---- Source data

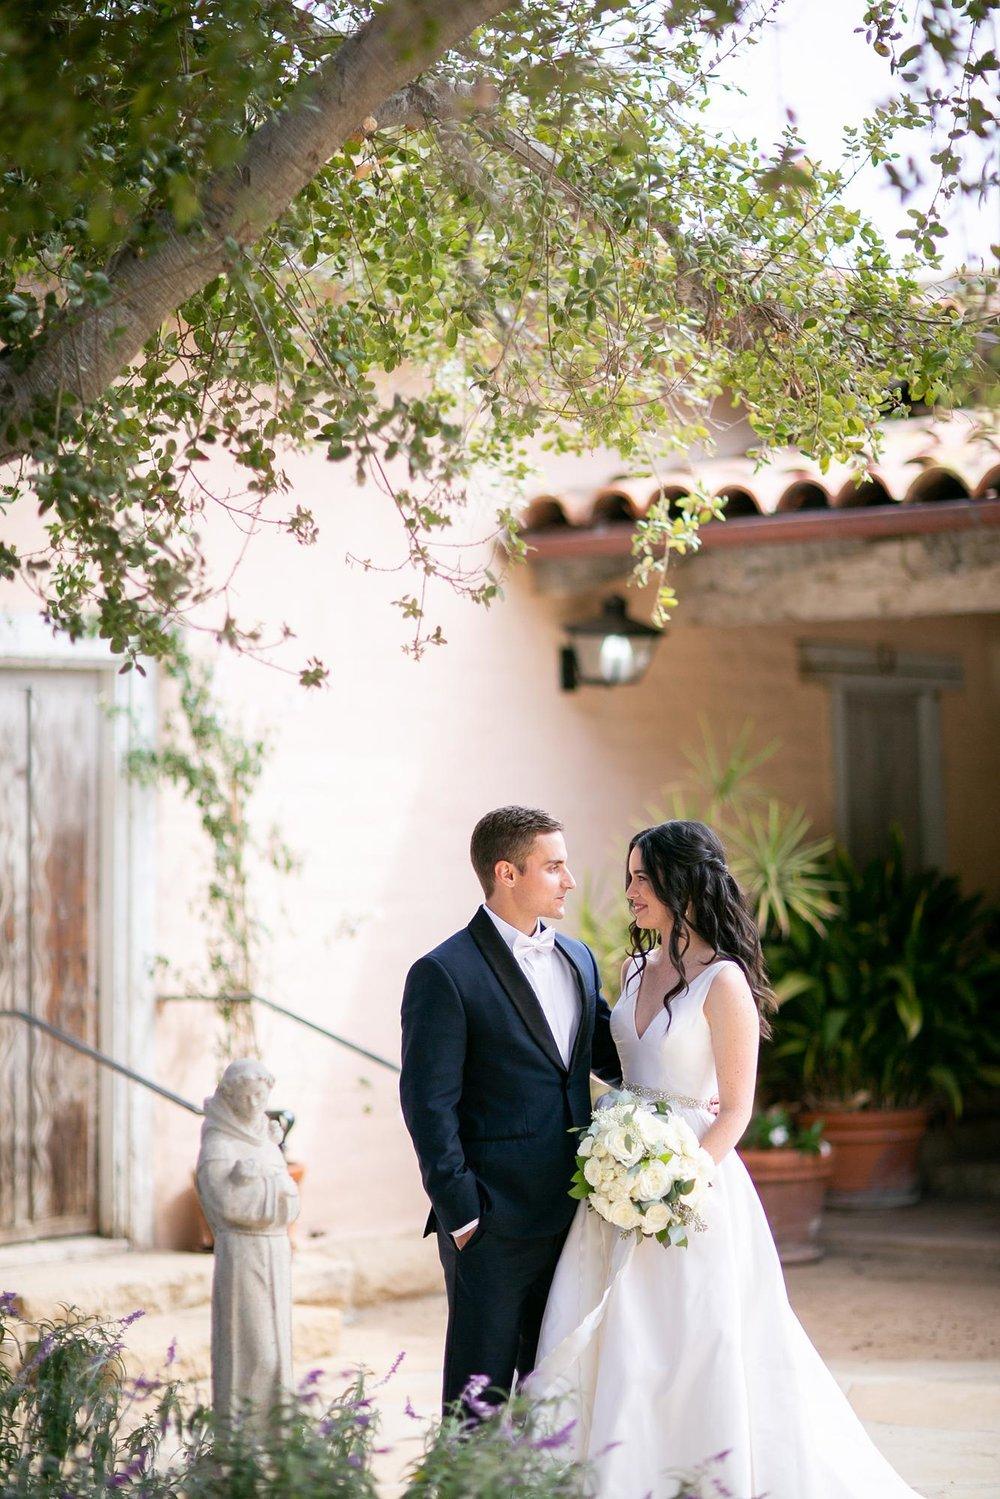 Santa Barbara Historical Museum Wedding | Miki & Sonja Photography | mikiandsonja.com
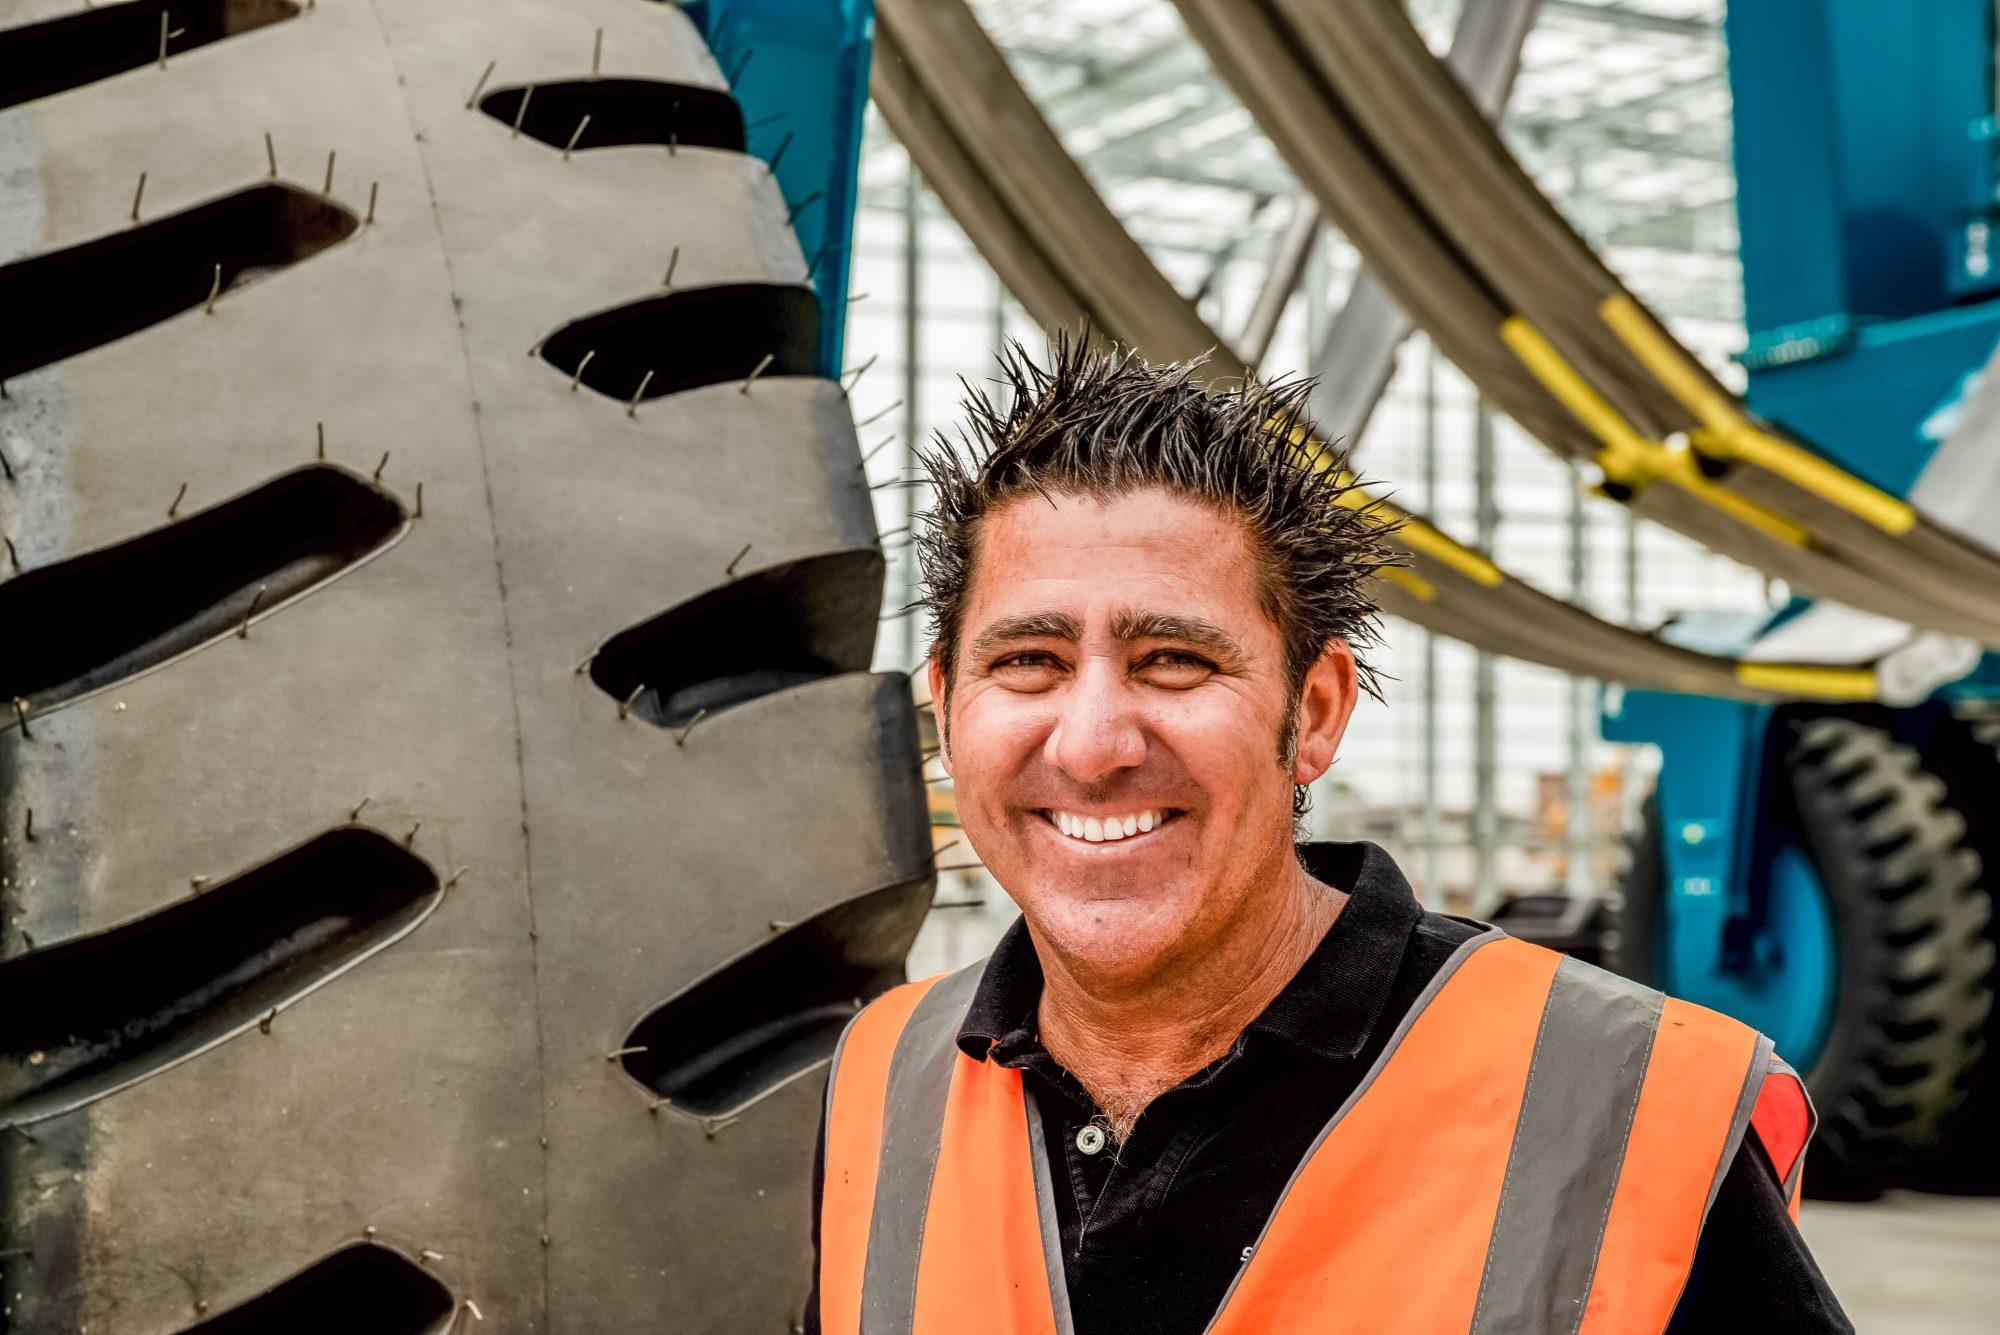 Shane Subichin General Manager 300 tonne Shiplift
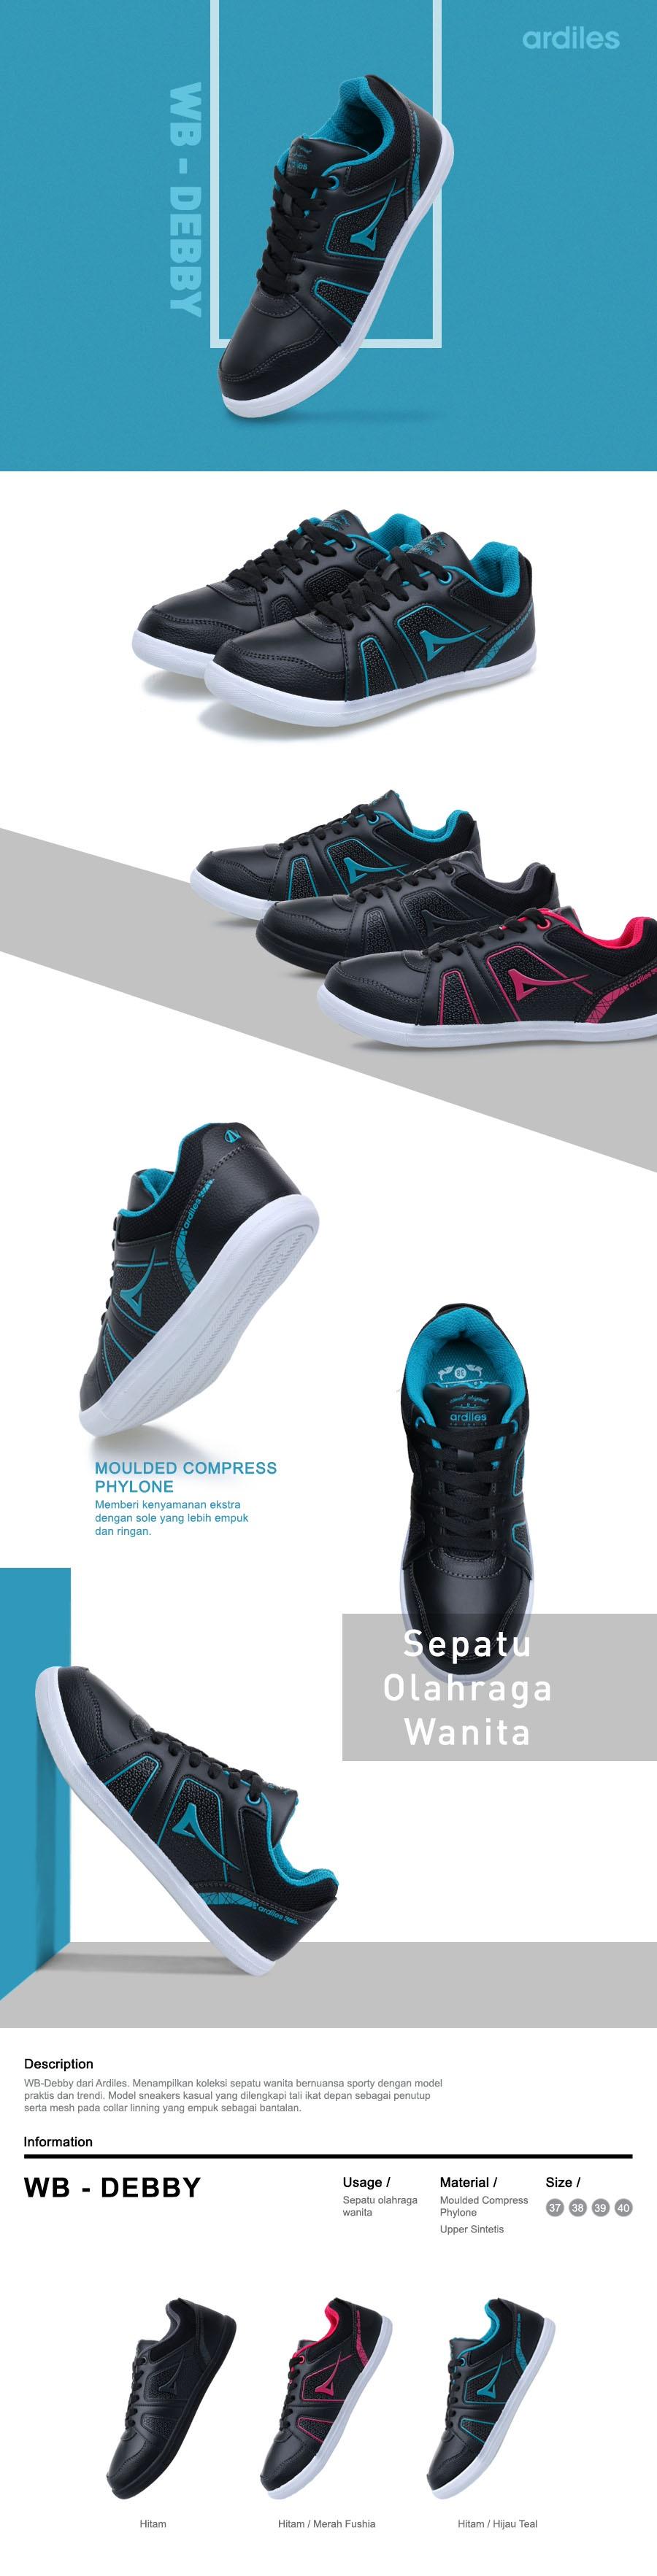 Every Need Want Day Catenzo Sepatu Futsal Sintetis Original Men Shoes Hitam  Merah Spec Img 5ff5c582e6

--------

▶ **Exercise prompt**:
Copy out the material above in full and exactly; its pictures are not to appear.

▶ **Answer below**:
 Santa Barbara Historical Museum Wedding | Miki & Sonja Photography | mikiandsonja.com
 Shane Subichin General Manager 300 tonne Shiplift
 Every Need Want Day Catenzo Sepatu Futsal Sintetis Original Men Shoes Hitam  Merah Spec Img 5ff5c582e6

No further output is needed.